Does your GSD grumble when he/she lies down and relaxes? Scarlett has always grumbled when she settles down. Our last GSD mix used to "deflate", but Scarlett is pretty noisy about it. There's NO doubt when she has settled in for a snooze. I am curious if this is just a Scarlett thing or a GSD thing.


----------



## doggiedad (Dec 2, 2007)

it's a dog thing. people also make noise when they find
that right spot for a snooze.



Scarlettsmom said:


> Does your GSD grumble when he/she lies down and relaxes?
> 
> >>>> Scarlett has always grumbled when she settles down.<<<<
> 
> ...


----------



## JustMeLeslie (Sep 15, 2010)

Jamie does this all the time. It's more of a groan then a grumble for her though.


----------



## paulag1955 (Jun 29, 2010)

Shasta makes these adorable groaning noises. Makes me want to hug her!!


----------



## brembo (Jun 30, 2009)

Yeah, Banjo groans, then deflates. It makes me relax too.


----------



## sagelfn (Aug 13, 2009)

big groans from Sage


----------



## Thru the Viewfinder (Aug 8, 2011)

She usually does the deflate when laying down, then once she decides to flop over completely on her side she lets out that low, "I'm relaxing now" groan.


----------



## JakodaCD OA (May 14, 2000)

Masi will hit the floor like a ton of bricks and big disgusted sigh/groan LOL


----------



## doggiedad (Dec 2, 2007)

sometimes i worry because my dog hits
the floor so hard. he can rattle things in 
the room when he lays down. i think sometimes
he stands on all four, legs locked and just
falls over. :laugh:



JakodaCD OA said:


> Masi will hit the floor like a ton of bricks and big disgusted sigh/groan LOL


----------



## Thru the Viewfinder (Aug 8, 2011)

doggiedad said:


> i think sometimes
> he stands on all four, legs locked and just
> falls over. :laugh:


LOL This made me chuckle.
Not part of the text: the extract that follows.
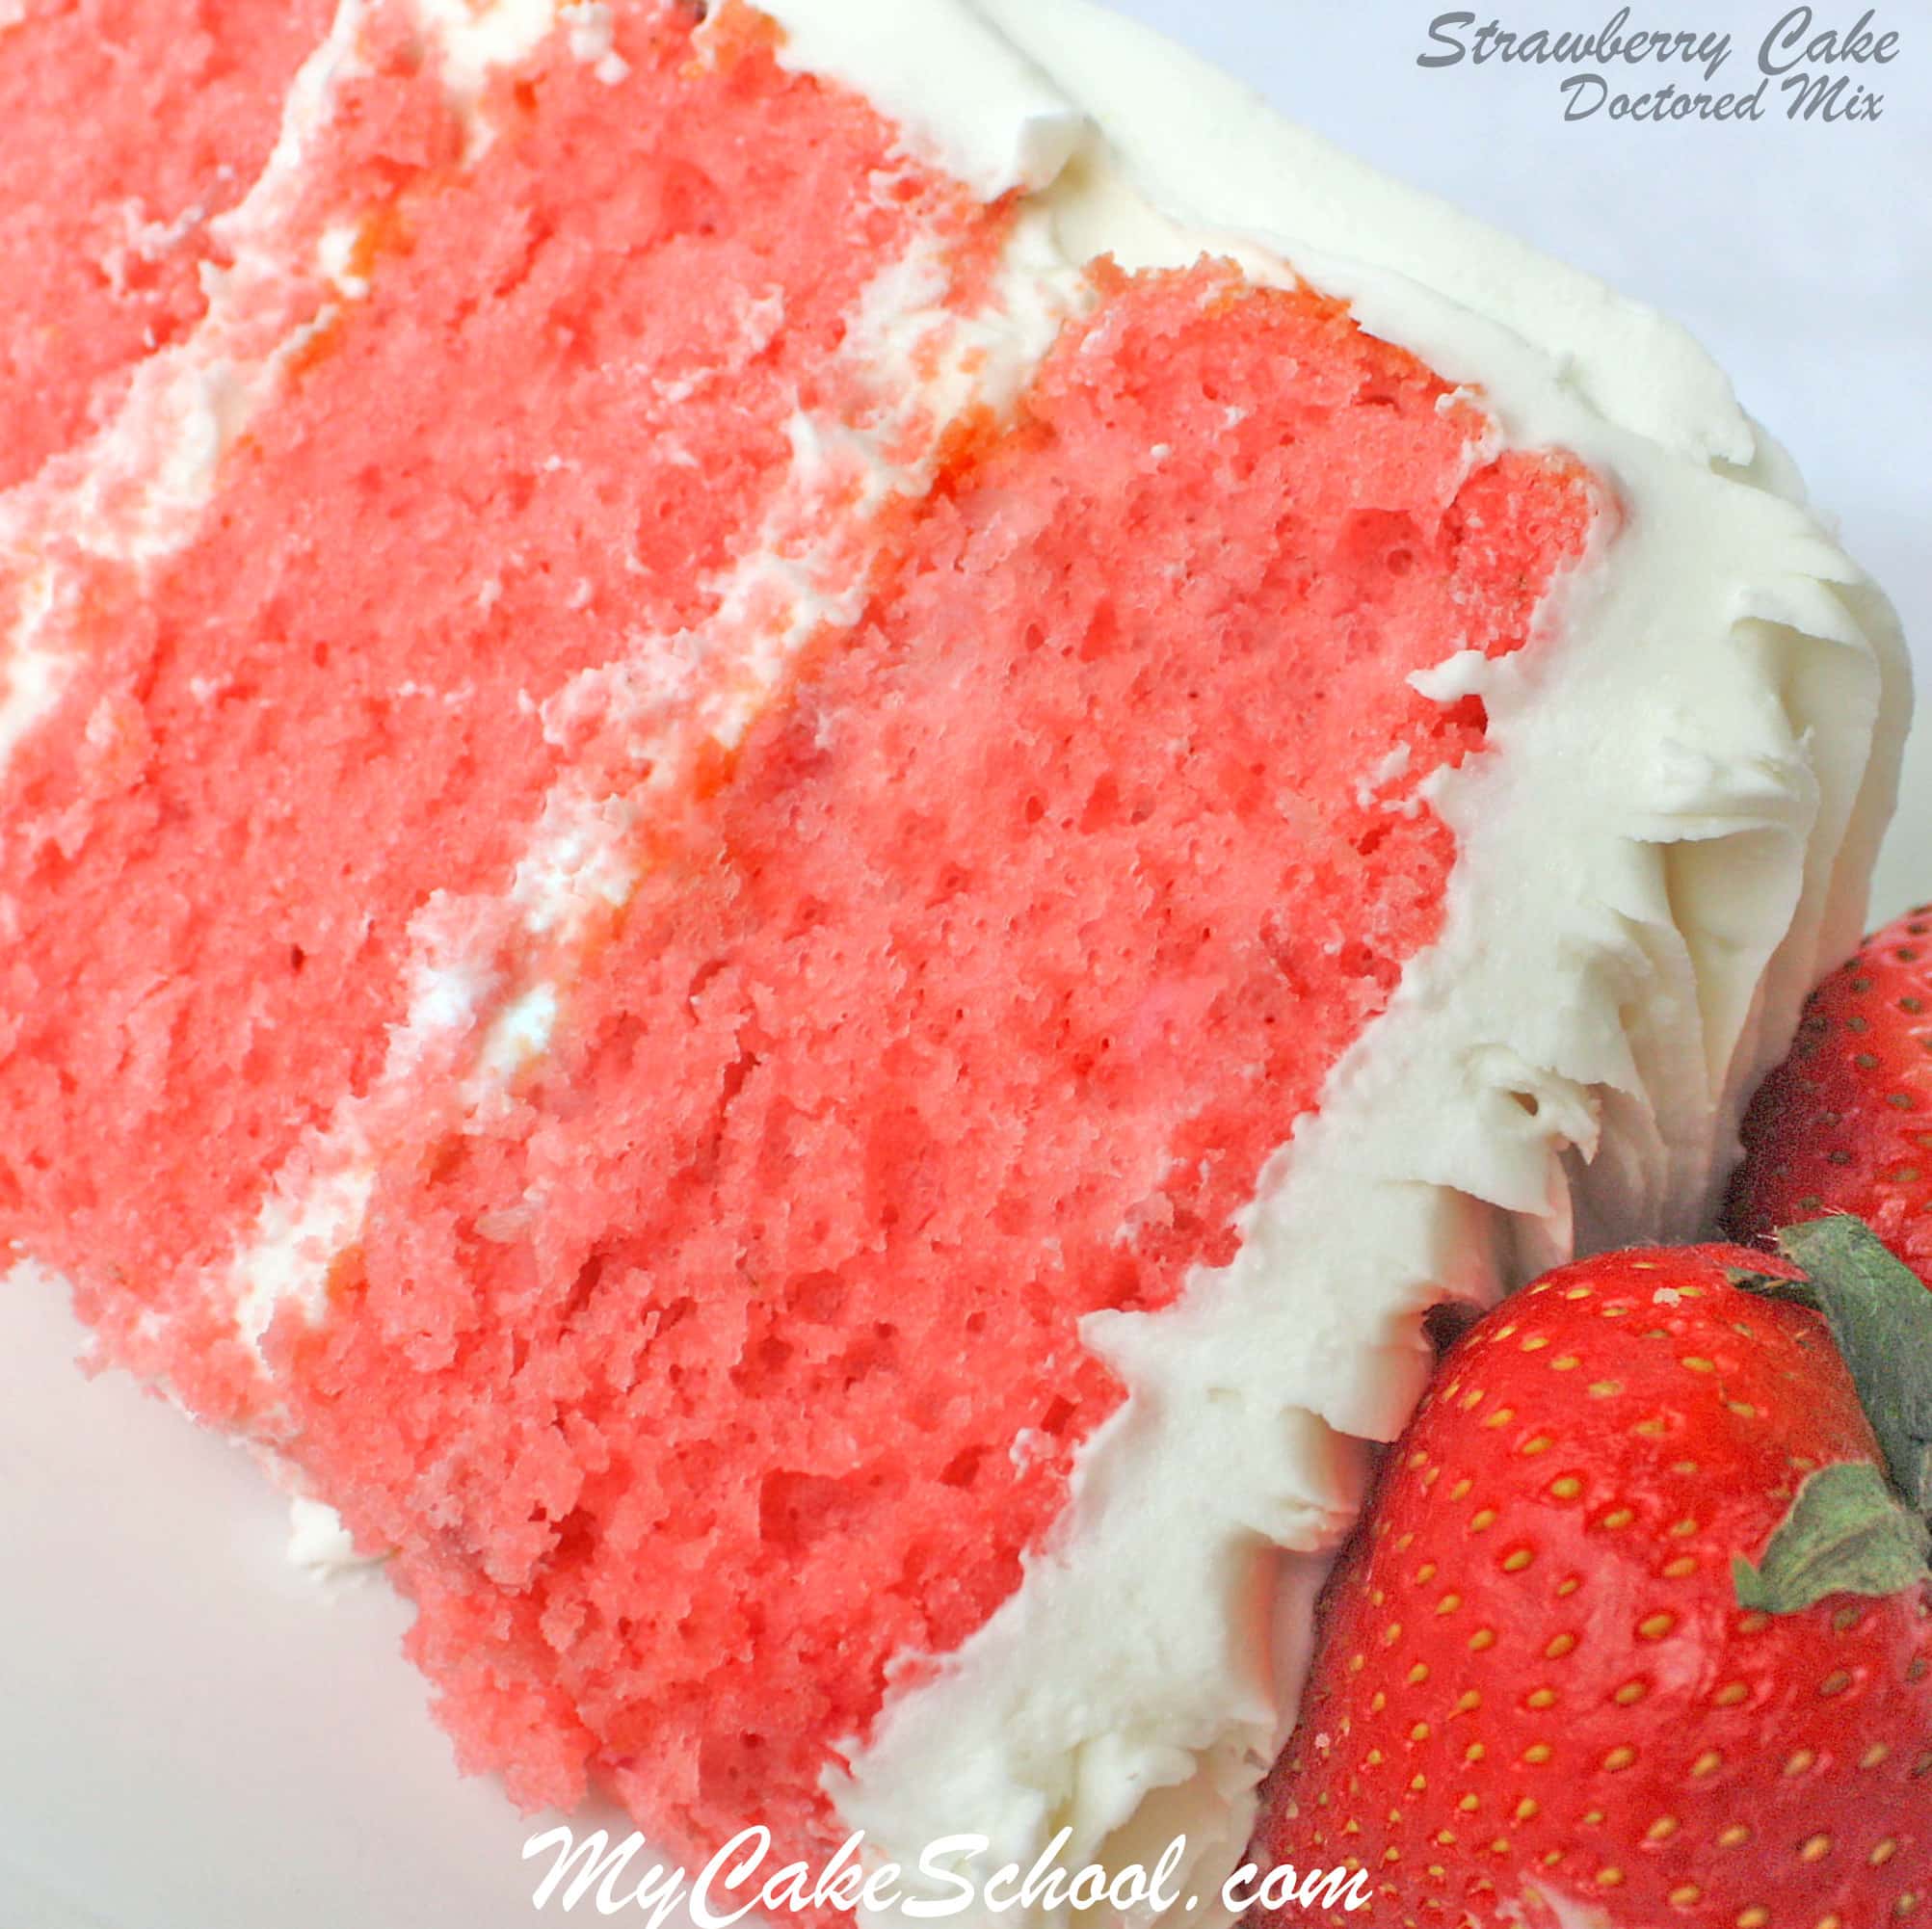 Strawberry Cake Doctored Recipe Image

I can picture it drawn out into a cartoon strip.


----------



## mssandslinger (Sep 21, 2010)

my lab grumbles when i tell her to lay down and she doesnt want to. all she does is protest under her breath and takes her time laying down haha


----------



## Daisy&Lucky's Mom (Apr 24, 2011)

Lucky ,big whine then plop then whine groan then sigh!


----------



## brembo (Jun 30, 2009)

doggiedad said:


> sometimes i worry because my dog hits
> the floor so hard. he can rattle things in
> the room when he lays down. i think sometimes
> he stands on all four, legs locked and just
> falls over. :laugh:


I think Banjo might just do that when he's on the bed. I'll give him this tho, he has an amazing sense of space, he'll flop down beside me nice and tight, hardly ever flops on top of me.


----------



## Zuiun (Jul 1, 2011)

Brody has always been a grumbler. His noises seem to be a direct reflection of the circumstances of his laying down.

For example, if it's a spot he has picked, there is a definite contented tone to his grunts and groans. However, if he wants to come plop down half on my lap (not uncommon) and I can't allow him because I'm busy with something, he'll go lay somewhere else and REALLY let me know about it.

Tsura is more of a heavy breather. She lays down and huffs really hard 5 or 6 times and then lets out a huge sigh and is quiet. Although lately she's started adding some grunts (I think Brody has been coaching her).


----------